Cyclopentadiene combustion in a plug flow reactor near 1150 K

Abstract

Cyclopentadienyl (CPDyl) was generated for study by oxidizing and pyrolizing 1,3-cyclopentadiene (CPD) in Princeton’s adiabatic, atmospheric pressure flow reactor. This study used nitrogen carrier gas, initial CPD concentrations from 1000 to 3000ppm by volume (ppmv), equivalence ratios from fuel lean (ϕ=0.6) to pyrolytic conditions (ϕ=100) and initial temperatures from 1100 to 1200K. The reaction progress was followed from 5 to 150ms using a water cooled sample probe and GC–FID analysis of C1–C14 species. The oxidation results show that CPD and CPDyl react via 19 pathways to yield 22 hydrocarbon intermediates. Analysis of the oxidative CPDyl ring opening pathways reveals the importance of the 2,4-cyclopentadienoxy (c-C5H5O) β-scission reaction: c-C5H5O↔CHCH–CHCH–CHO. The fastest theoretical mechanism has a calculated unimolecular high-pressure rate constant of 2.00×1013e−7215/Ts−1 which is seven orders of magnitude larger at 1150K than the previous literature estimate.
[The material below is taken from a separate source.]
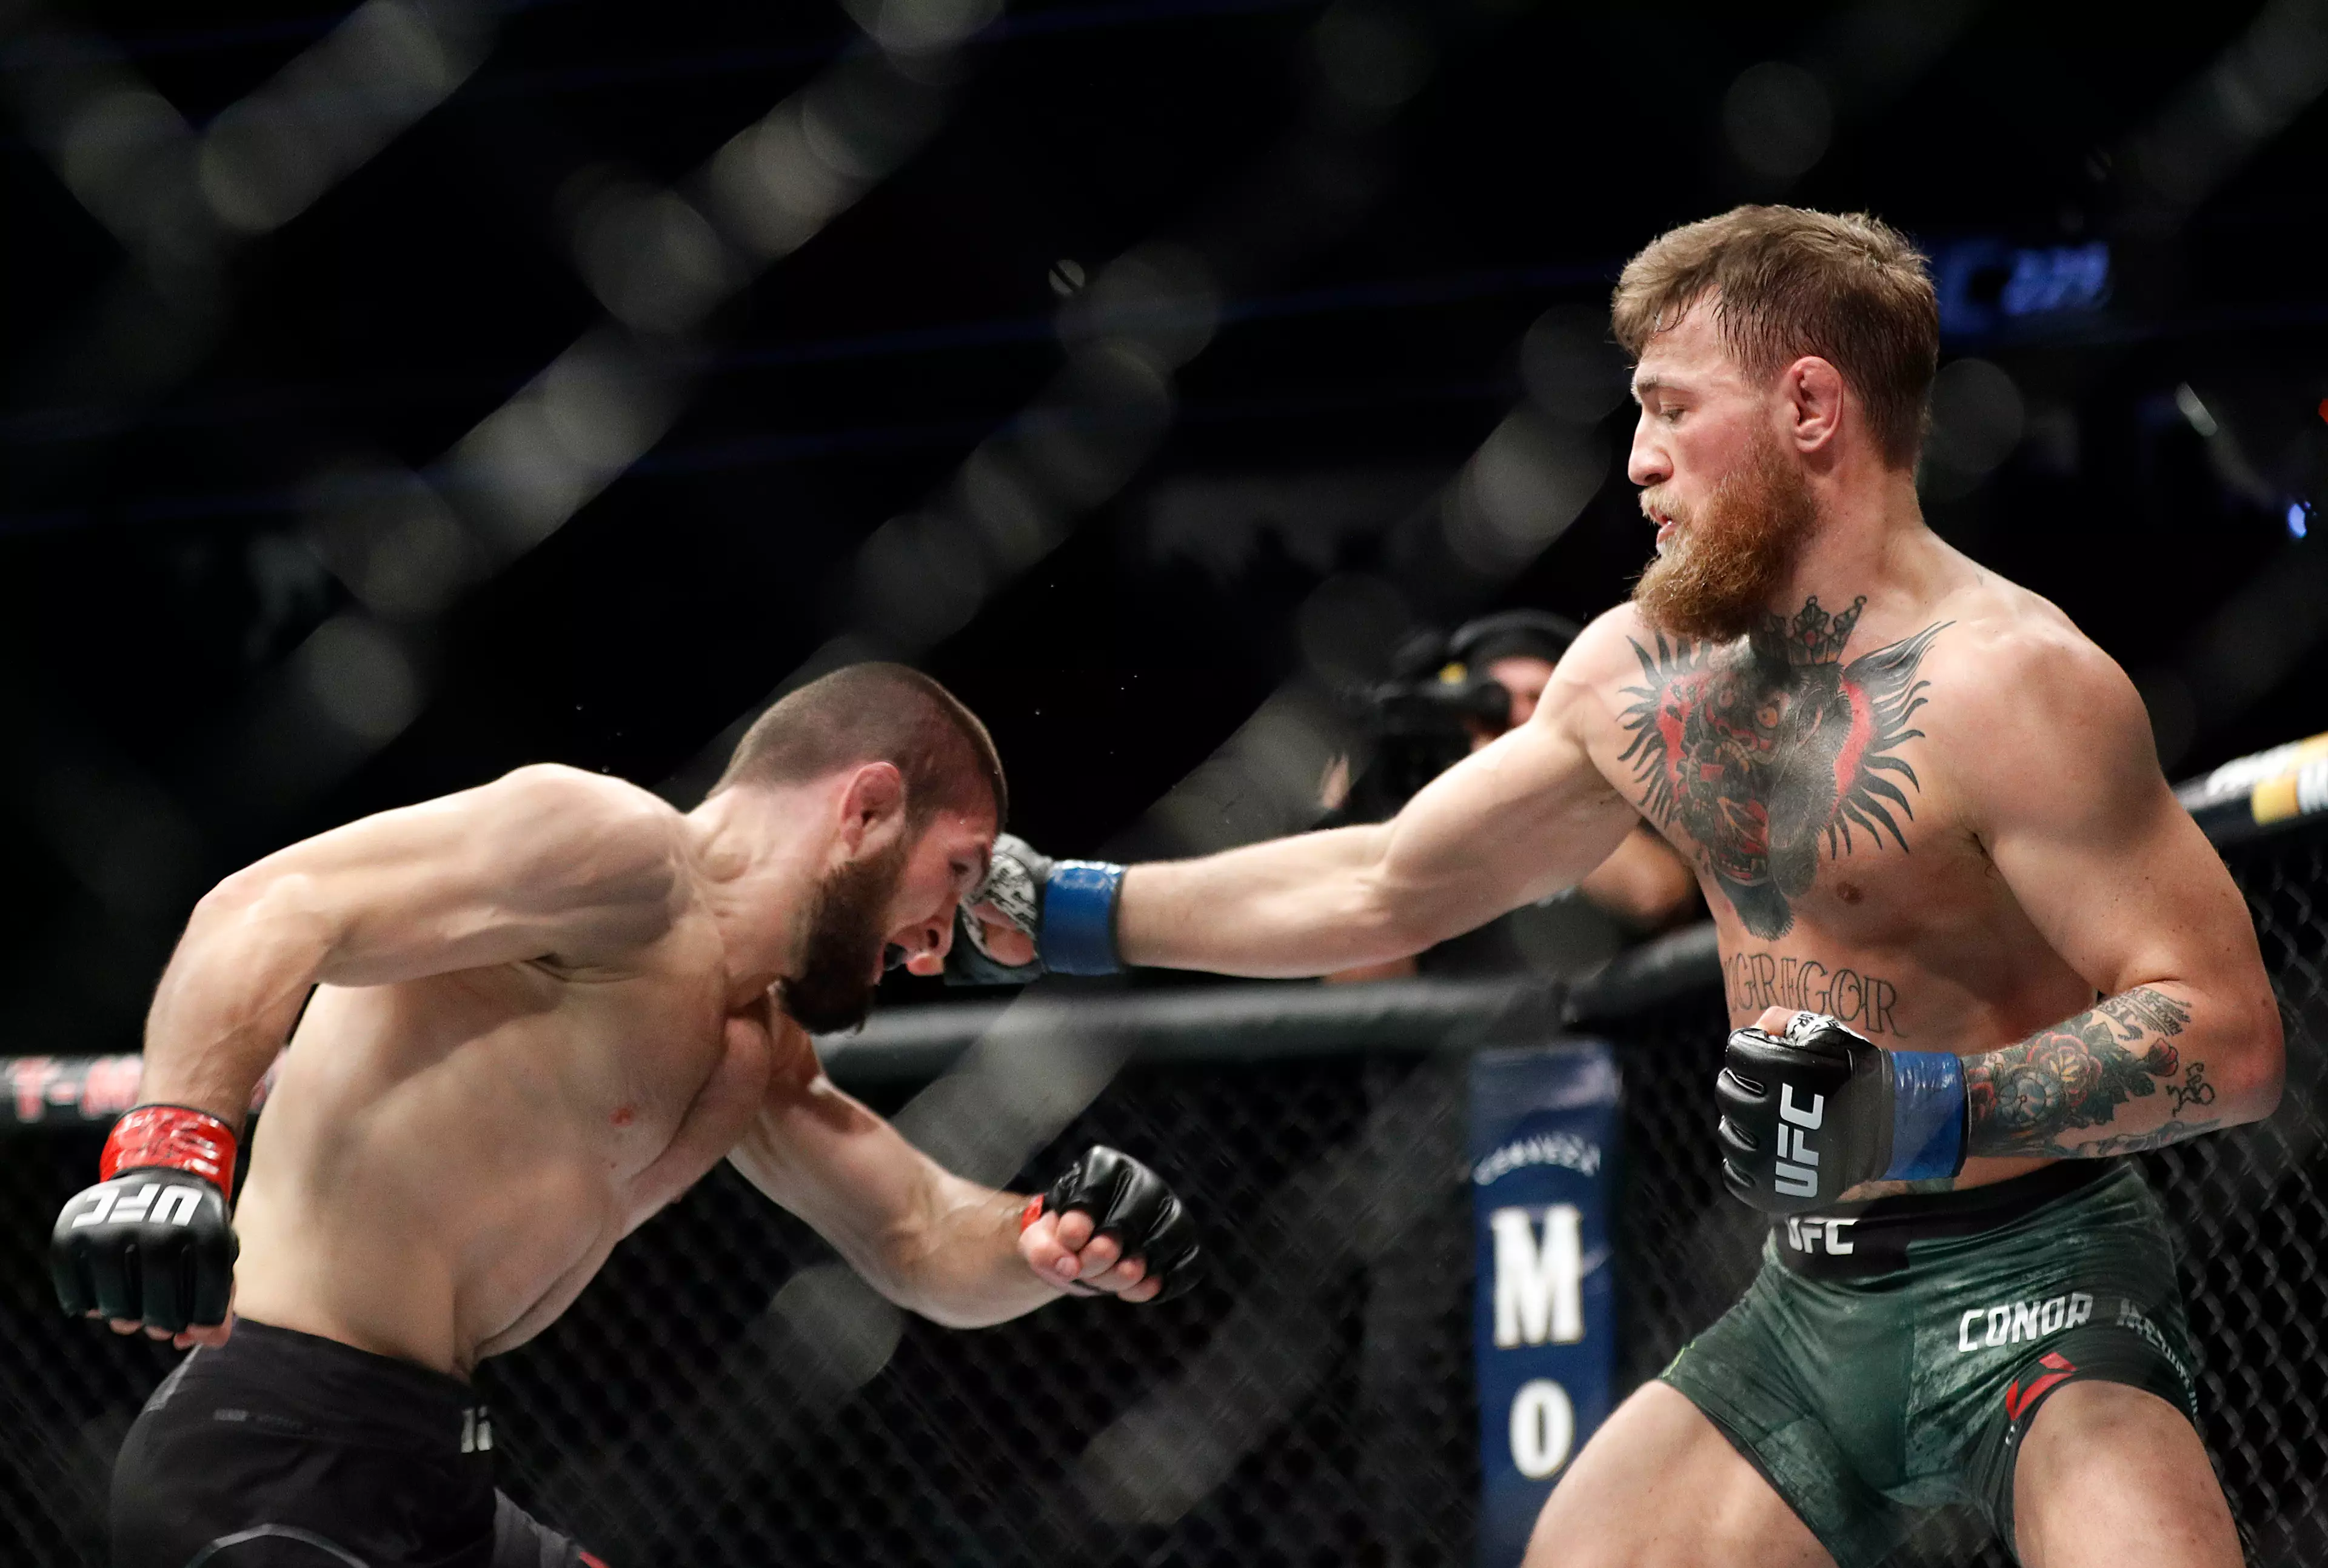 New Footage From UFC 229 Shows Conor McGregor Throwing Punch At Team Khabib

Cyclopentadienone (CPDone) has been assumed to be an important intermediate in C5 ring oxidation even though it has not been unambiguously identified in the combustion environment. A detection limit of 20ppmv for CPDone in the present apparatus failed to note any CPDone. A set of mechanistic pathways for the C5 ring oxidation includes steps to avoid unrealistic CPDone production is presented. The complex mechanism illustrates the need for detailed models to understand the combustion of aromatics and soot precursors. The article stresses the importance of CPDyl in the formation of aromatic rings during combustion, which subsequently leads to polycyclic aromatic hydrocarbons (PAH) and soot precursors.